Researchers have developed peptides that can fight the potentially fatal antibiotic-resistant Staphylococcus aureus. In a collaborative study, teams from the Indian Institute of Technology (IIT) Kanpur and National Yang Ming Chiao Tung University, Taiwan, designed three peptides to target bacteria resistant to methicillin antibiotics. Their study (bit.ly/peptide-antibiotics) was published in ACS Applied Bio Materials in May 2026.
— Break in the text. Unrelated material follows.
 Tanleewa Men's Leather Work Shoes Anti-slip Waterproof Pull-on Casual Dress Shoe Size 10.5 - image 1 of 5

According to the World Health Organization, antibiotic resistance could claim about 40 million lives from 2025 to 2050. Researchers worldwide have been looking for new ways to treat such infections. Peptides, chains of amino acids, are considered a possible solution because they exhibit broad-spectrum activity against microbes and minimal toxicity towards human cells. "They act mainly by disrupting bacterial membranes, making it harder for bacteria to develop resistance, compared to conventional antibiotics that target specific biochemical pathways," points out Sandeep Verma, Professor at IIT Kanpur and corresponding author of the research paper.
For their study, the researchers focused on the three peptides, each of which began with the same five-amino-acid sequence that specifically targeted Staphylococcus aureus but did not kill beneficial gut microbiota. Apart from this starting sequence, each of the three contained six tryptophan amino acids, which enabled them to penetrate the oil-rich layer of the bacterial membrane. The peptides, however, varied in their content of arginine, another amino acid. One peptide had no arginine, another had one, and the third had two.
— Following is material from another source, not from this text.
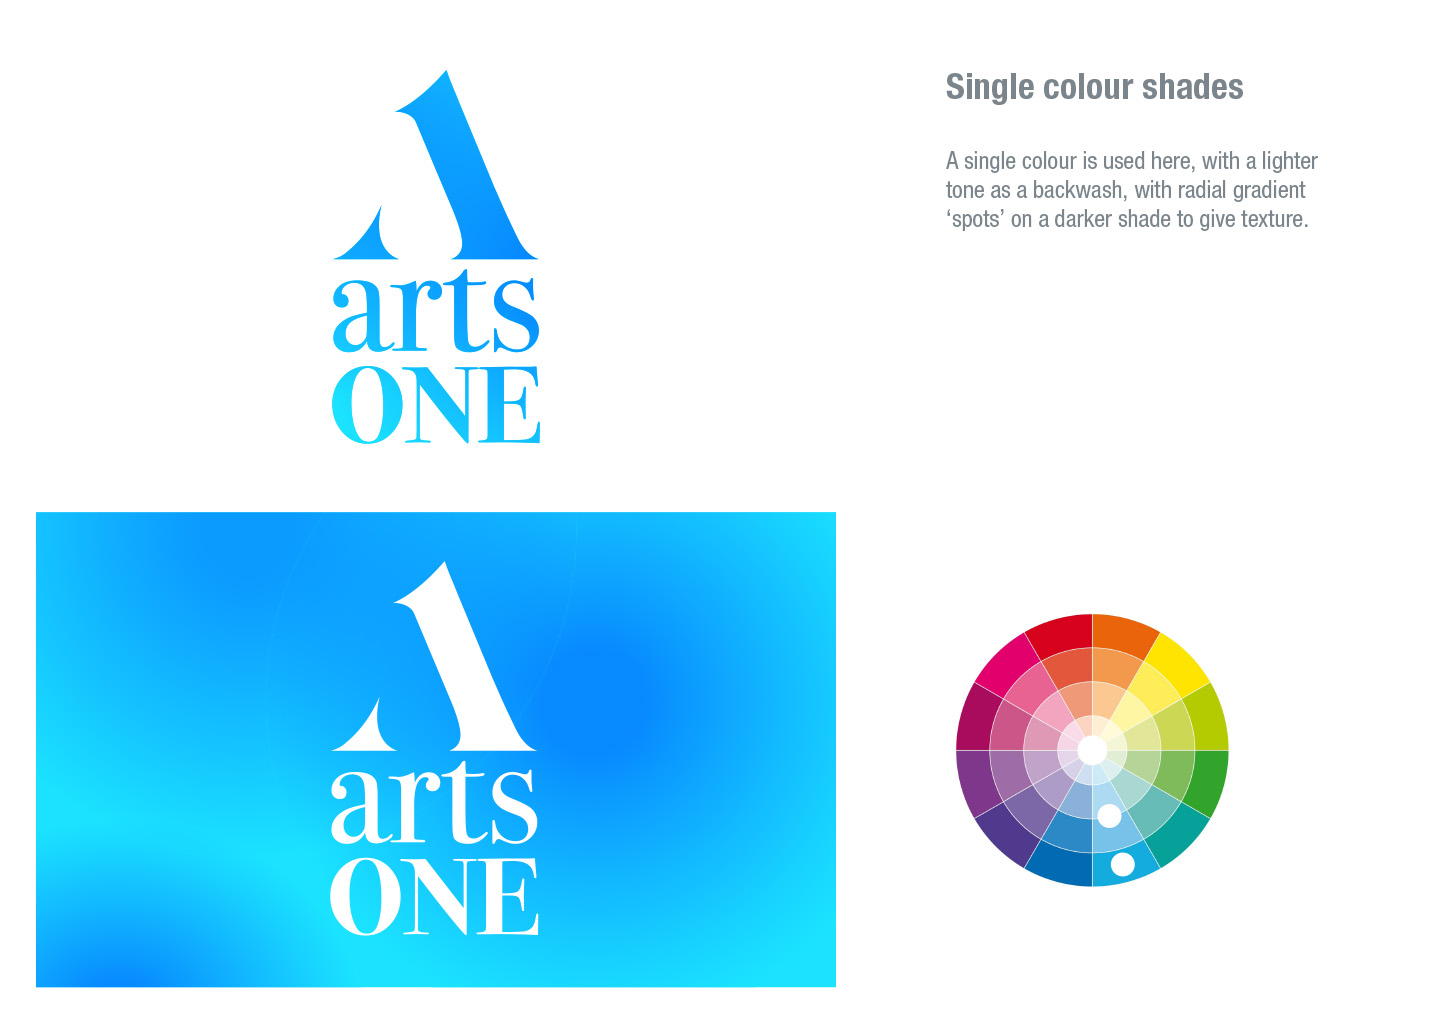 Arts1 logo colour update

The team tested these peptides on pig skin and zebrafish infected with the methicillin-resistant strain of Staphylococcus aureus. They found that the peptide with more arginine amino acids cleared infections more effectively — the one with two arginine amino acids eliminated 92% of bacteria from pig skin and 97% of infection in a living zebrafish.
"Increasing arginine content enhances membrane binding and permeabilisation," reasons Yu-Chie Chen, Professor at National Yang Ming Chiao Tung University and a corresponding author of the research paper.
Seeking to take this research from the laboratory to the clinic, the team is now working to improve peptide stability in a physiological environment, optimise dosage and delivery, and evaluate its long-term safety. They also plan to test these peptides in advanced animal infection models and against a broader range of multidrug-resistant pathogens by modifying the targeting sequence.